§ Data excerpt:
---------------
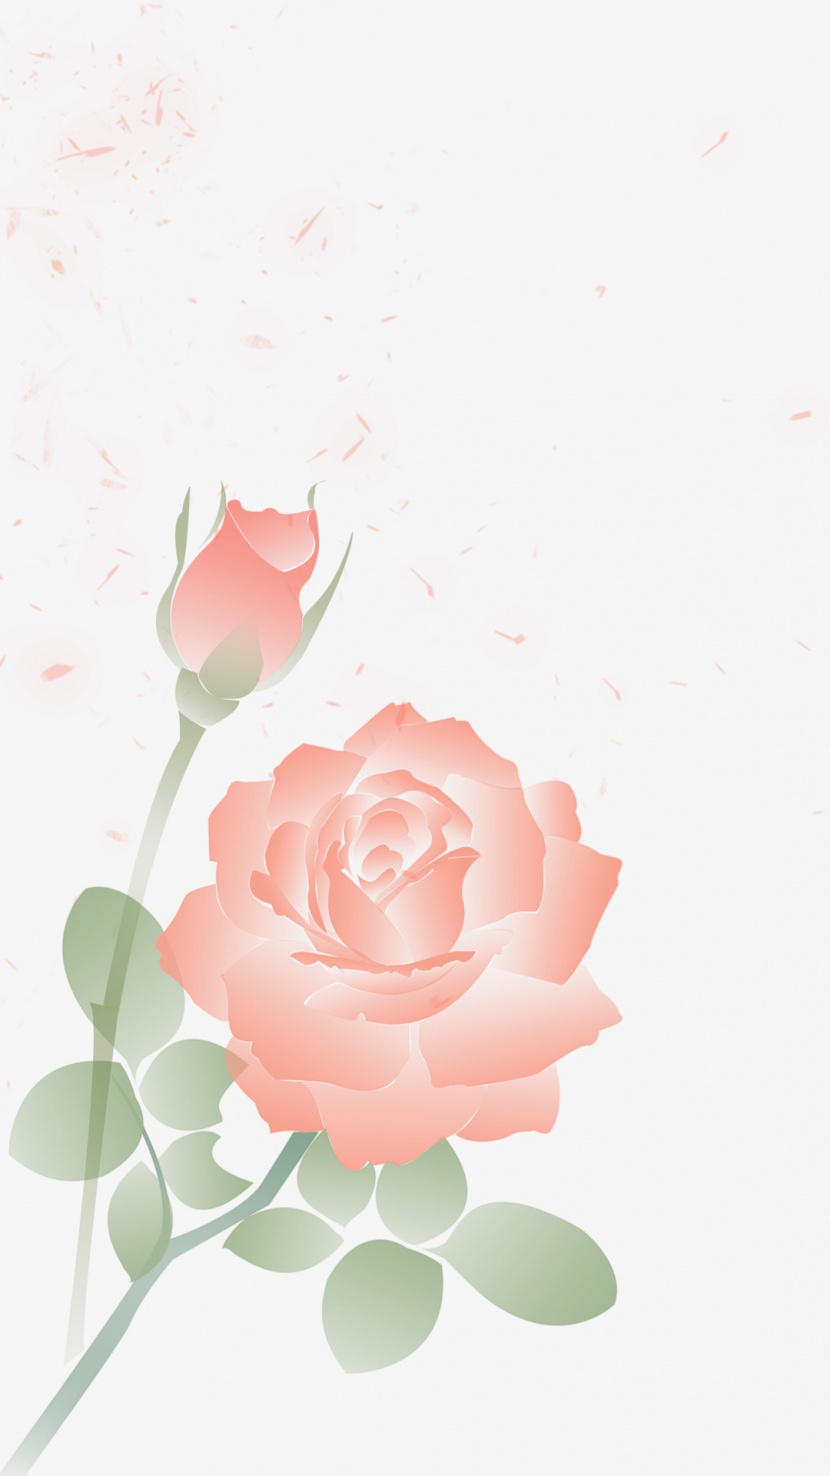 唯美浪漫玫瑰花朵花瓣
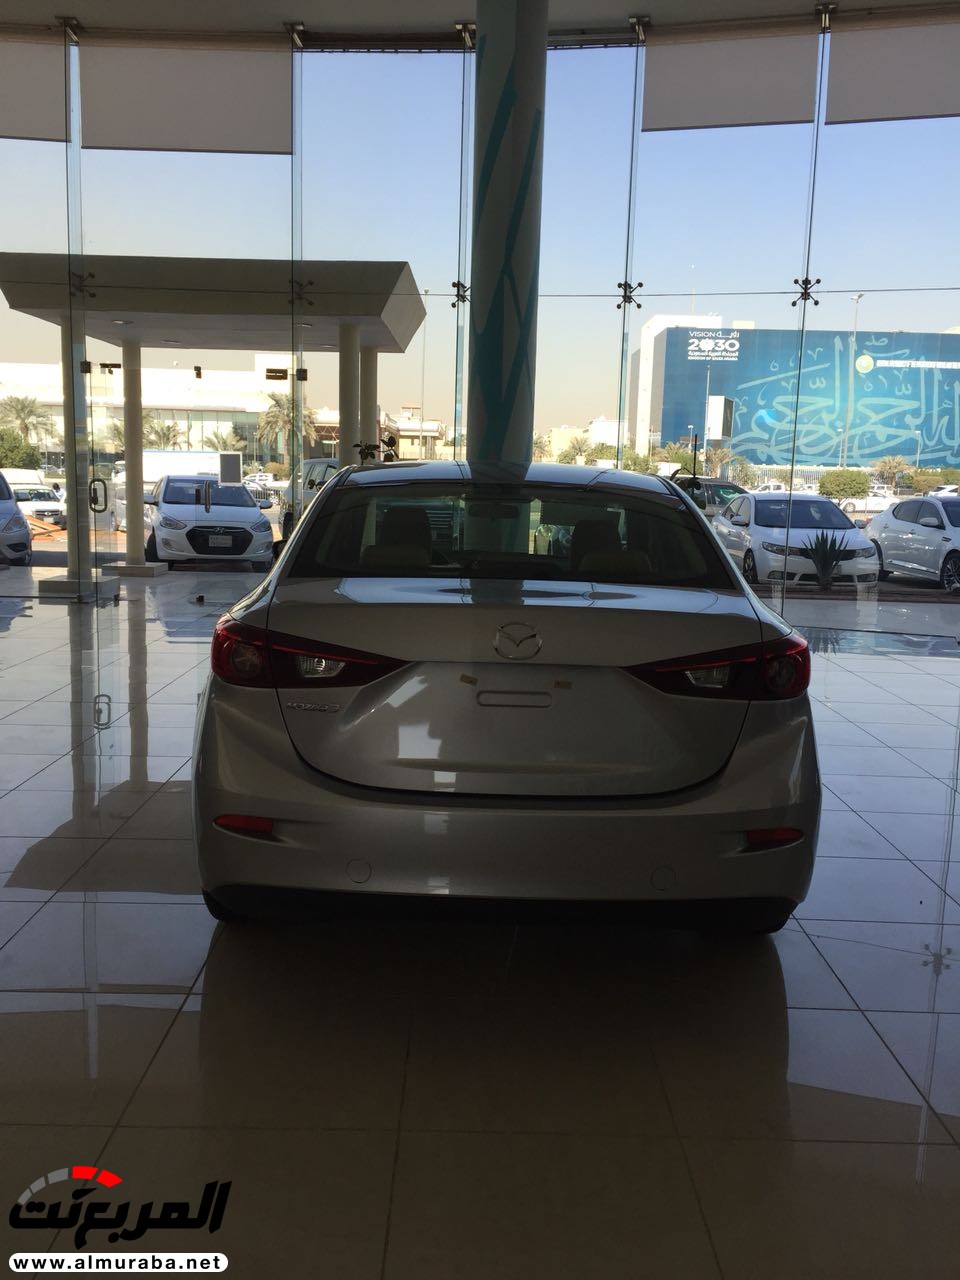 مازدا 3 2018 في السعودية لدى الحاج حسين علي رضا + الاسعار والمواصفات لجميع الفئات Mazda 3 17
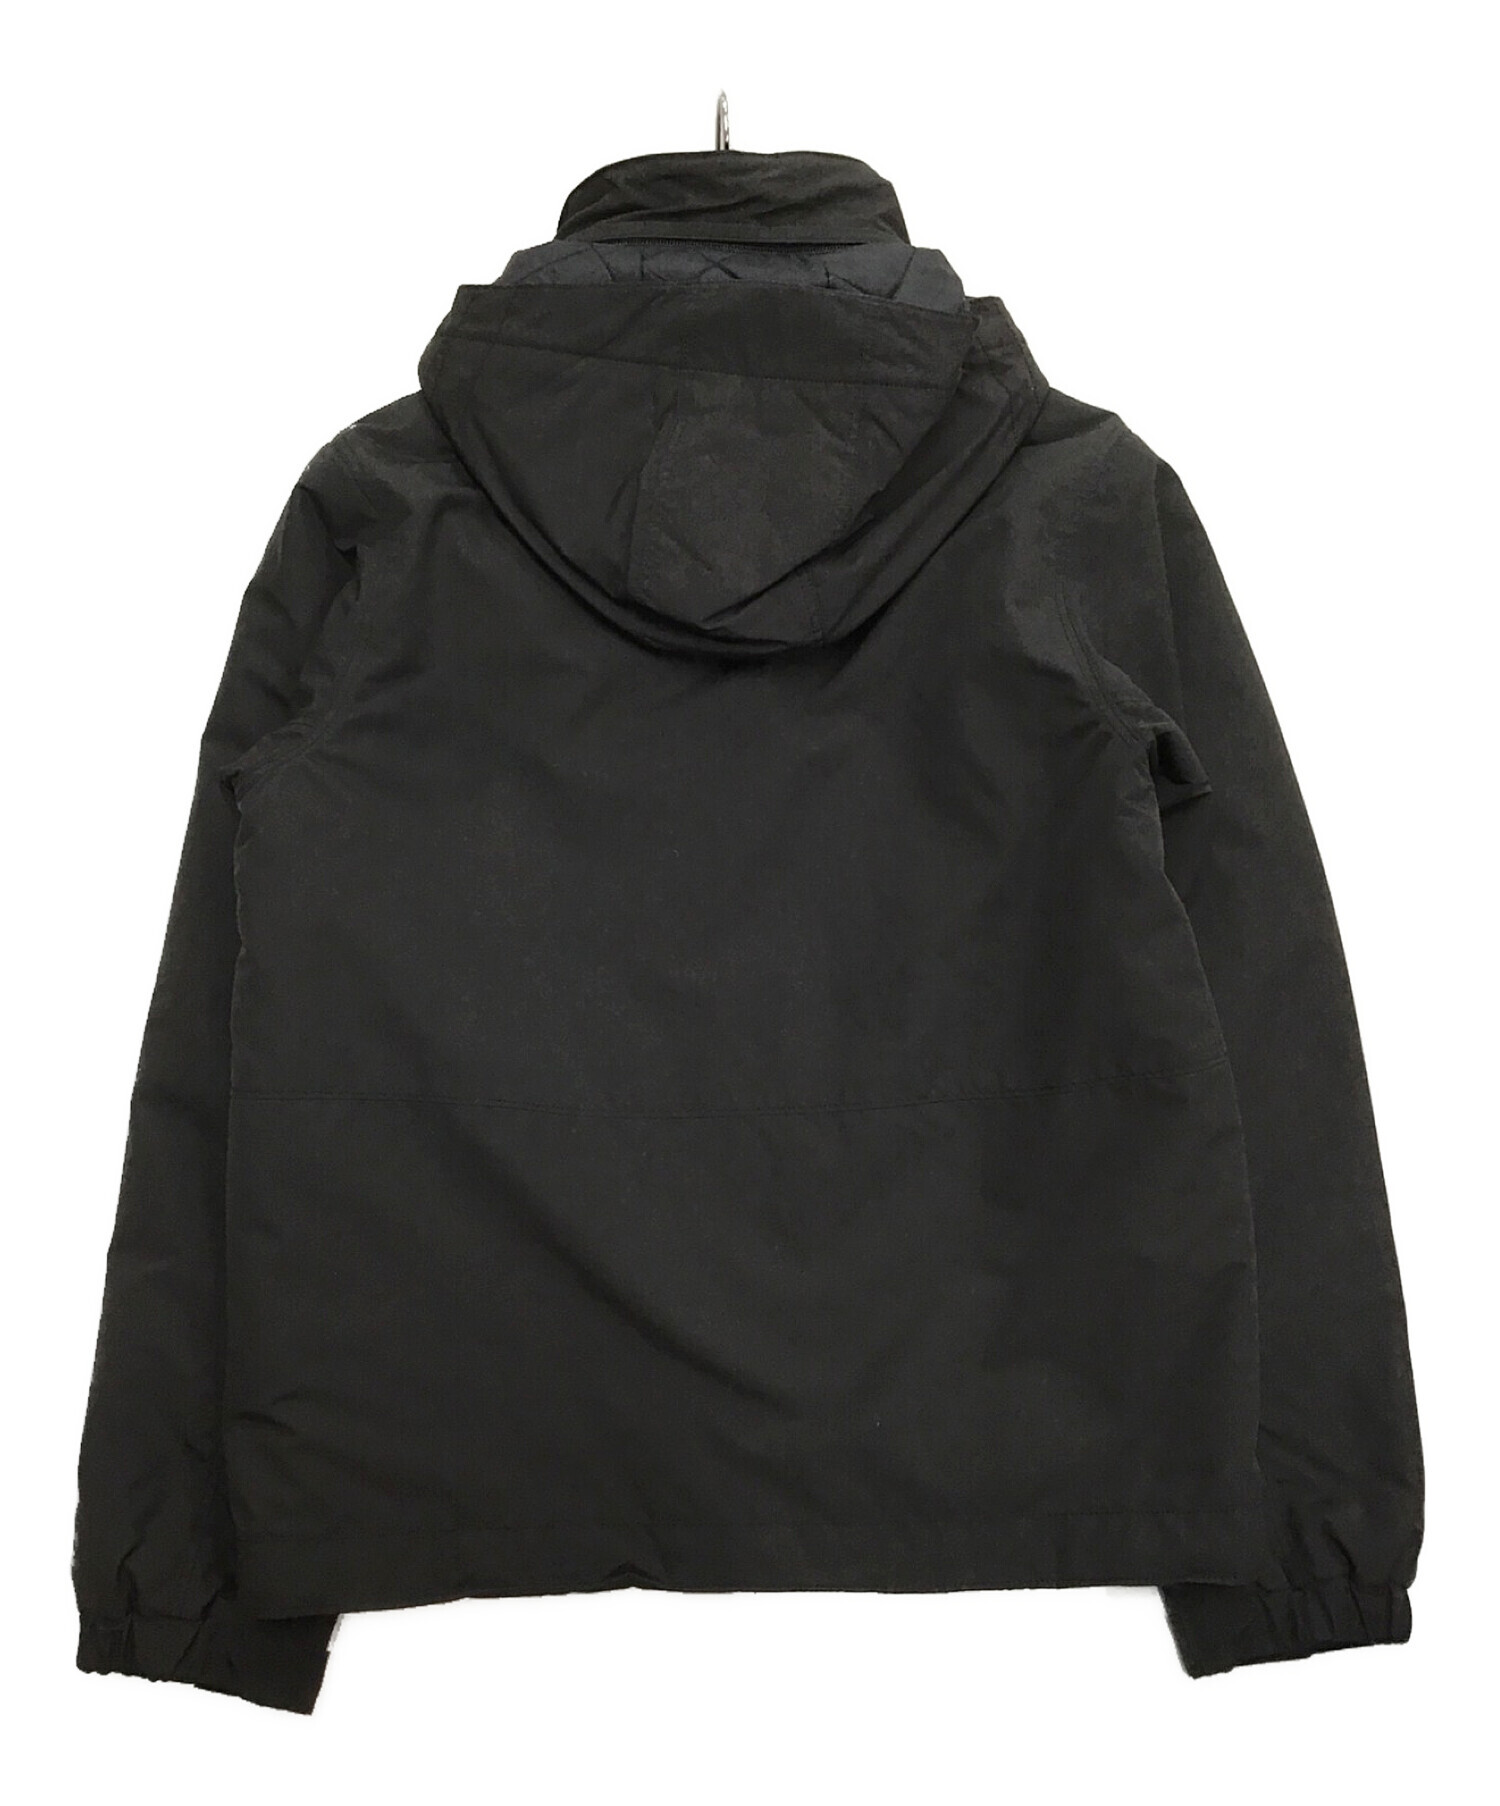 Patagonia (パタゴニア) イスマスジャケット ブラック サイズ:S
---------------
§ Assignment:
Write the listing out exactly, apart from its pictures.

§ Answer to this task:
 唯美浪漫玫瑰花朵花瓣
 مازدا 3 2018 في السعودية لدى الحاج حسين علي رضا + الاسعار والمواصفات لجميع الفئات Mazda 3 17
 Patagonia (パタゴニア) イスマスジャケット ブラック サイズ:S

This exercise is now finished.